The IMF and Botswana authorities have discussed recent developments and prospects and focused on policies to increase economic growth and job creation while preserving monetary and financial stability.
The team from the International Monetary Fund (IMF) visited Gaborone during May 22-June 6, 2018 to hold discussions for the 2018 Article IV Consultation with Botswana.
- Economic growth is expected to rebound in 2018 supported by higher diamond sales, a stable macroeconomic environment, and higher government spending.
- IMF staff welcomes the authorities’ recent announcements of their intention to liberalize visa and work permits’ policies, reduce bureaucratic requirements, and privatize inefficient enterprises.
- In this regard, medium-term prospects are favorable assuming a decisive and prompt implementation of key fiscal policy measures and market-friendly reforms that enable private sector development, lowers unemployment, reduces income inequality, and diversifies exports into selected sectors.
The mission team, led by Mr. Gelbard, noted that Botswana’s Real GDP growth decelerated to 2.4 percent in 2017 owing to declines in copper and nickel production and lower activity in construction and trade, while the fiscal and external accounts were nearly balanced, inflation was about 3 percent, the exchange rate was stable, the financial sector remained sound and well capitalized, and public debt continued to be low at about 19 percent of GDP.
“In 2018, economic growth is expected to rebound supported by higher diamond sales, a stable macroeconomic environment, and higher government spending.

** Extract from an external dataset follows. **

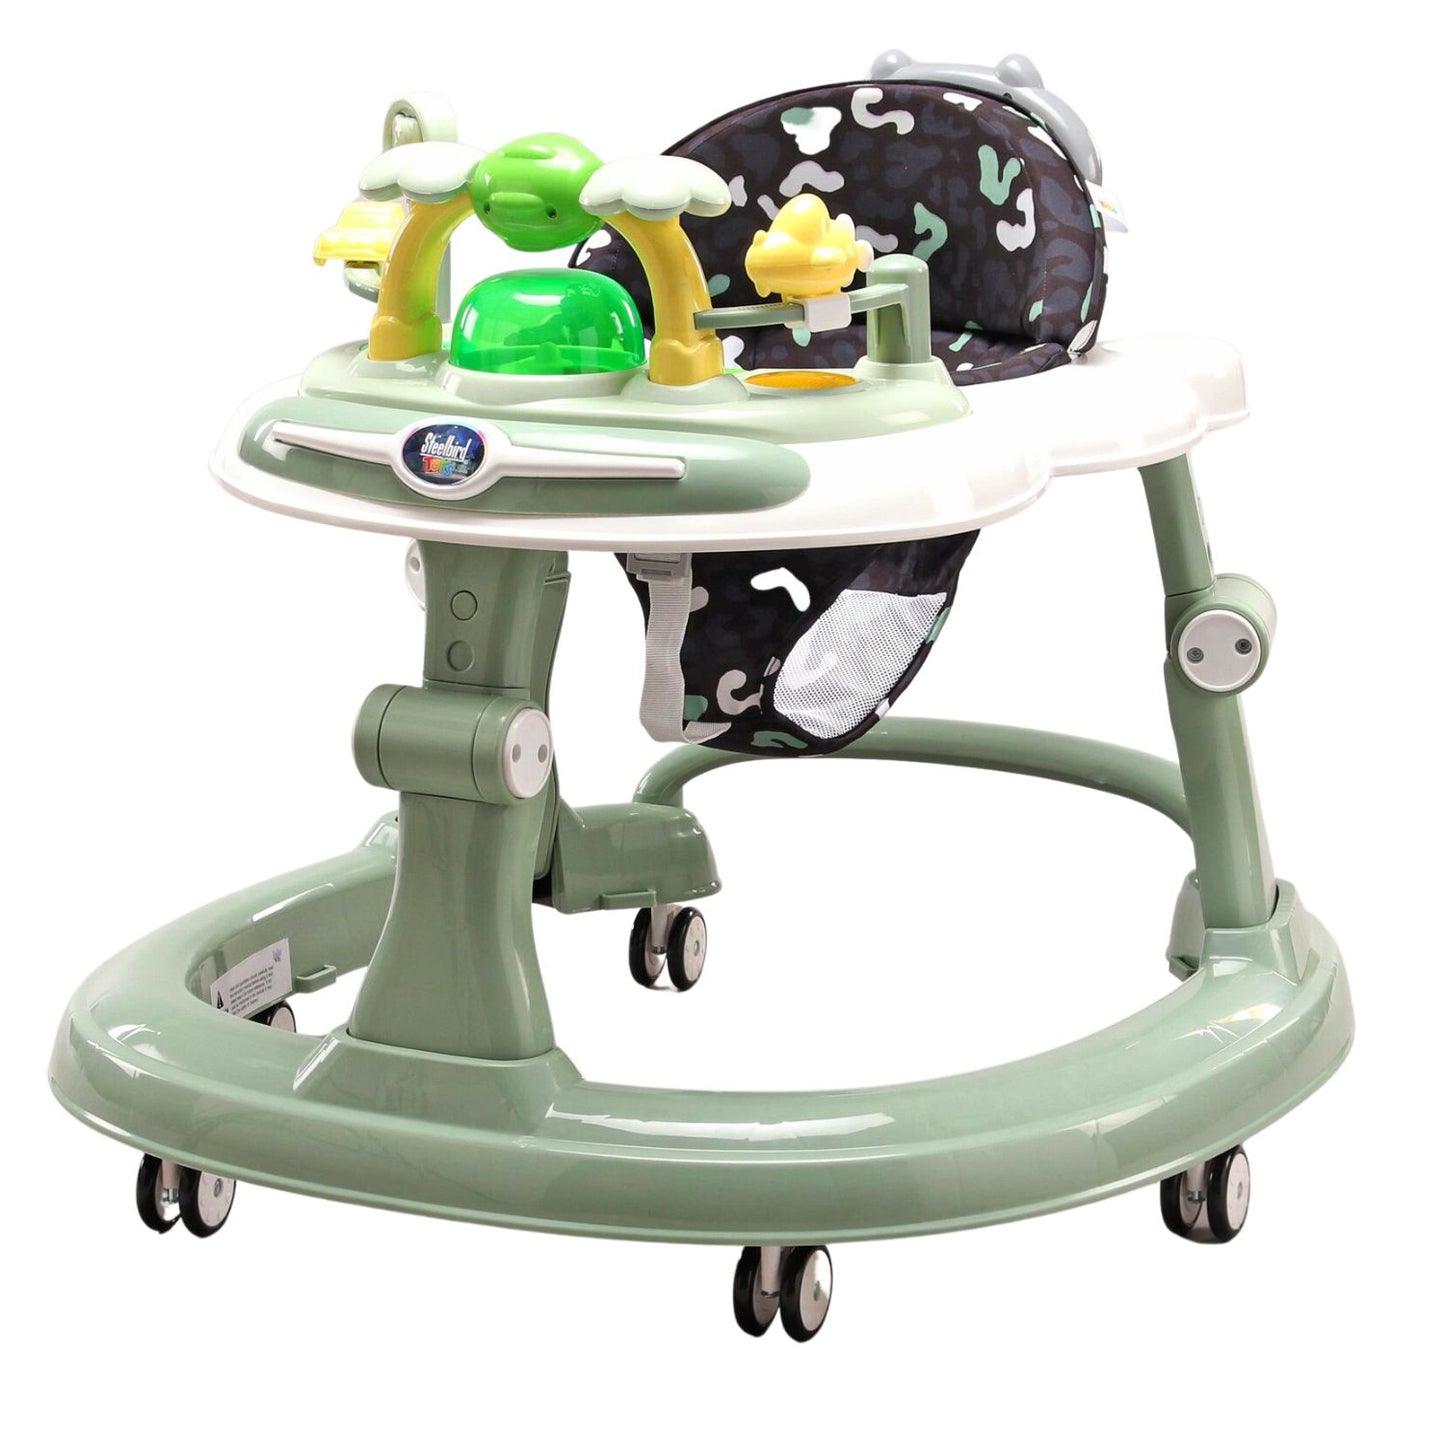 Steelbird Premium Adjustable Baby Walker with Fun and Learning Toys with Light and Music for 9 Month to 3 Years - Green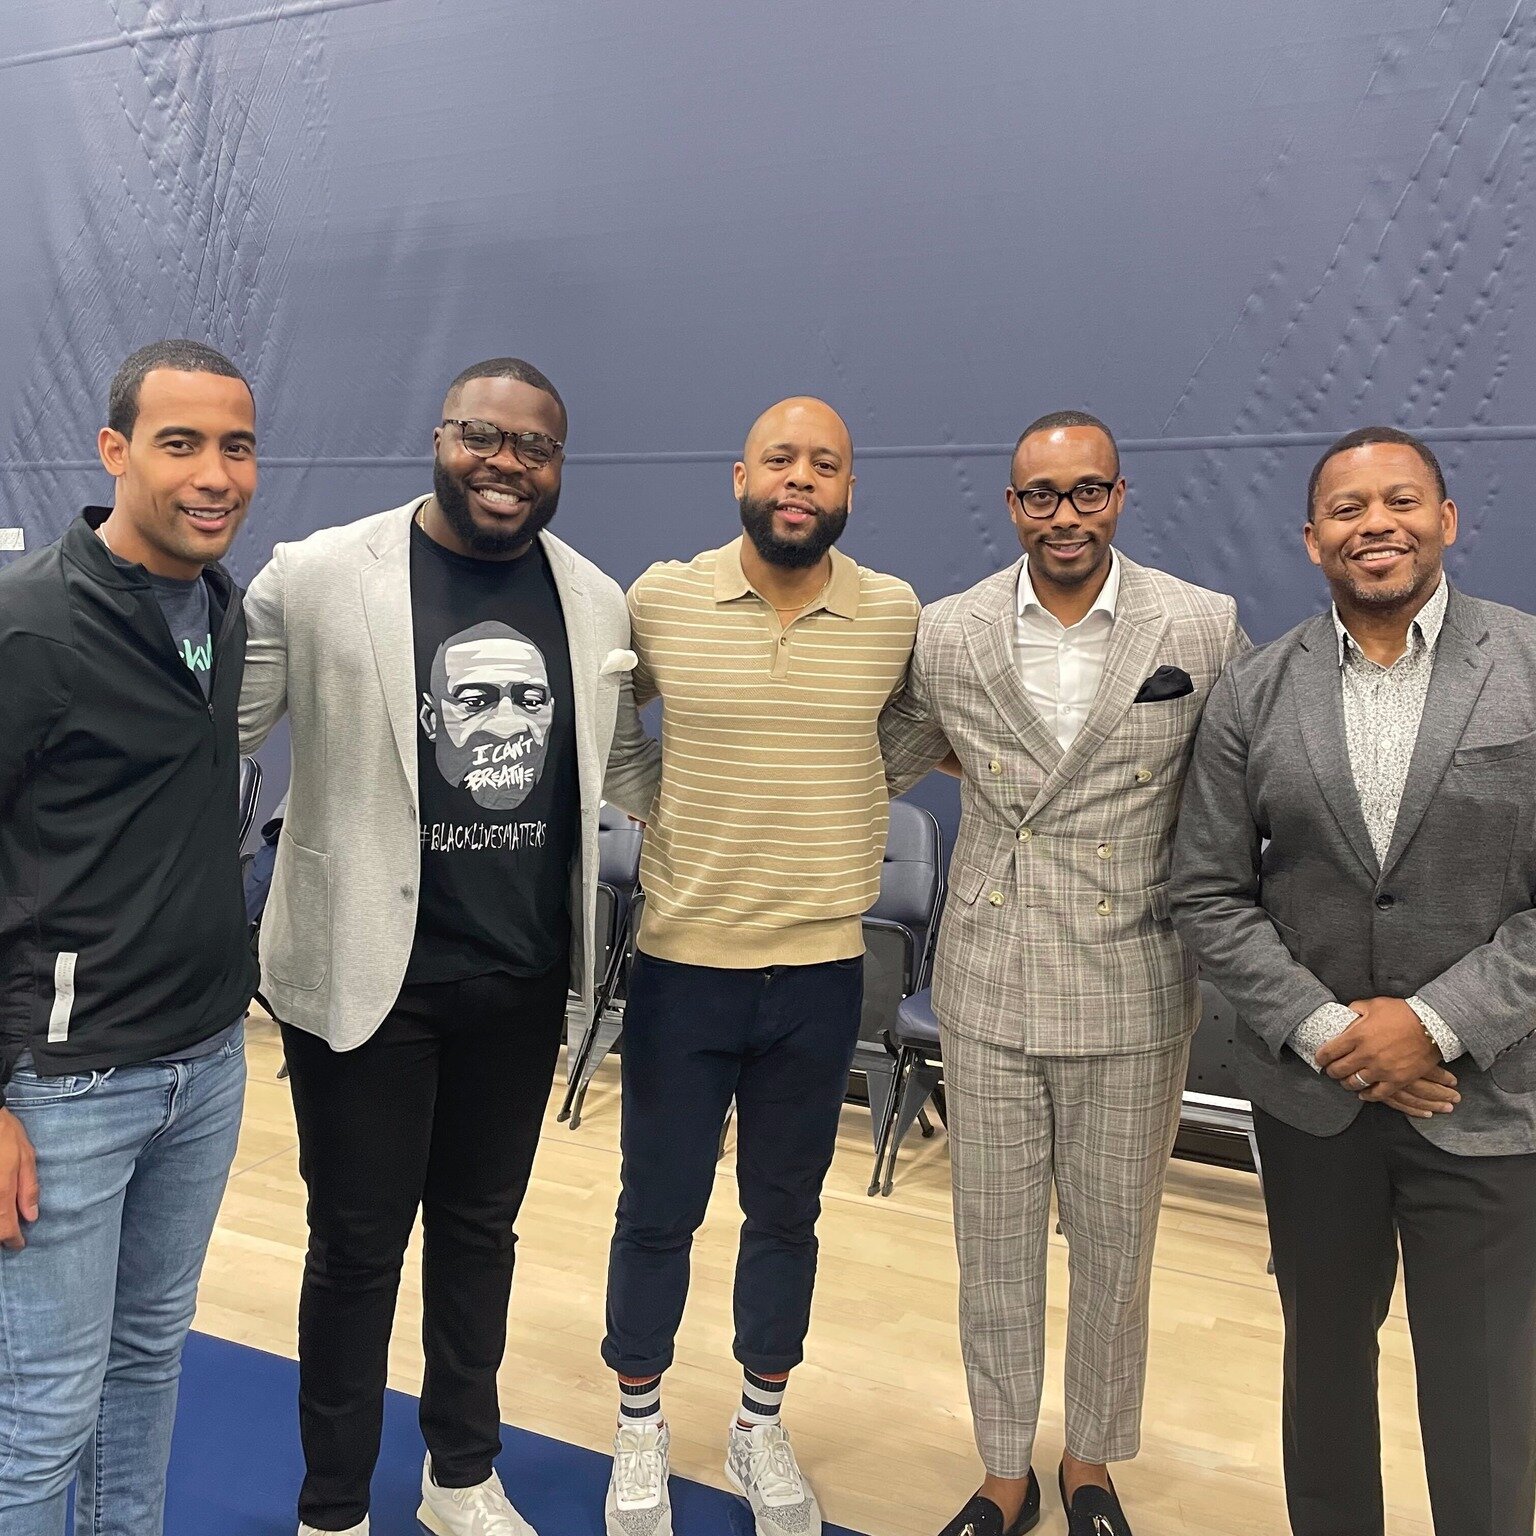 We are honored to have been able to show up for, connect with and support the community of Minneapolis, particularly last week for the Money Matters Financial Wellness panel. For us, bridging the racial wealth gap and helping our community generate w

While the government balance is expected to deteriorate owing to lower revenues from the Southern Africa Customs Union and higher fiscal outlays, the deficit should be manageable given high levels of savings and foreign exchange reserves.
“In the medium-term, and in line with their track record of prudent policies, the authorities aim at achieving a fiscal surplus. To this end, it will be necessary to undertake revenue and expenditure reforms alongside policies to reduce income inequality. On the revenue side, it would be important to remove many tax exemptions, increase property taxation, and consider making the personal income tax more progressive. On the expenditure side, it will be important to contain the growth of recurrent spending, improve the efficiency of social programs, and protect public investment while prioritizing projects with the highest payoffs. In addition, the financial sector can be further developed to intermediate additional savings and lend to productive sectors by strengthening creditors’ rights, improving information on borrowers’ creditworthiness, increasing the issuance of government bonds to develop a reliable yield curve, and promoting mobile payments.
“Notwithstanding the envisaged short-term economic recovery, the diamond and government-led development model has been showing limitations with lower average GDP growth and slow job creation in recent years. The authorities recognize this and, as noted in the 11th National Development Plan, an approach focused on private sector development and enabling growth in selected sectors is needed to lower unemployment and diversify exports.
“The diversification and job creation efforts requires focus on prompt and bold market friendly reforms that can reduce the costs of doing business, improve skills in the labor force, make the public sector more efficient, privatize key enterprises, and enable competition and entry of firms in sectors with latent comparative advantage. In this regard, the staff team welcomes the authorities’ recent announcements of their intention to liberalize visa and work permits’ policies, reduce bureaucratic requirements, and privatize inefficient enterprises. Ultimately, however, the success of these reforms will depend on the speed and determination with which they are implemented (including an accelerated passage of supporting legislation), together with accountability among government entities and enhanced monitoring and evaluation of results.
“Delivering on the above policies and reforms will be essential to enable private sector-led growth and employment creation in Botswana.”
“The staff team met with the Minister of Finance and Economic Development, Honorable Ontefetse Kenneth Matambo, Governor of the Bank of Botswana, Mr Moses D Pelaelo, the Permanent Secretary of the Ministry of Finance and Economic Development, Mr Solomon Sekwakwa, other senior government officials, and representatives of the private sector, academia, and development partners. The team would like to thank the authorities and representatives of the private sector and civil society for their cooperation and productive discussions.”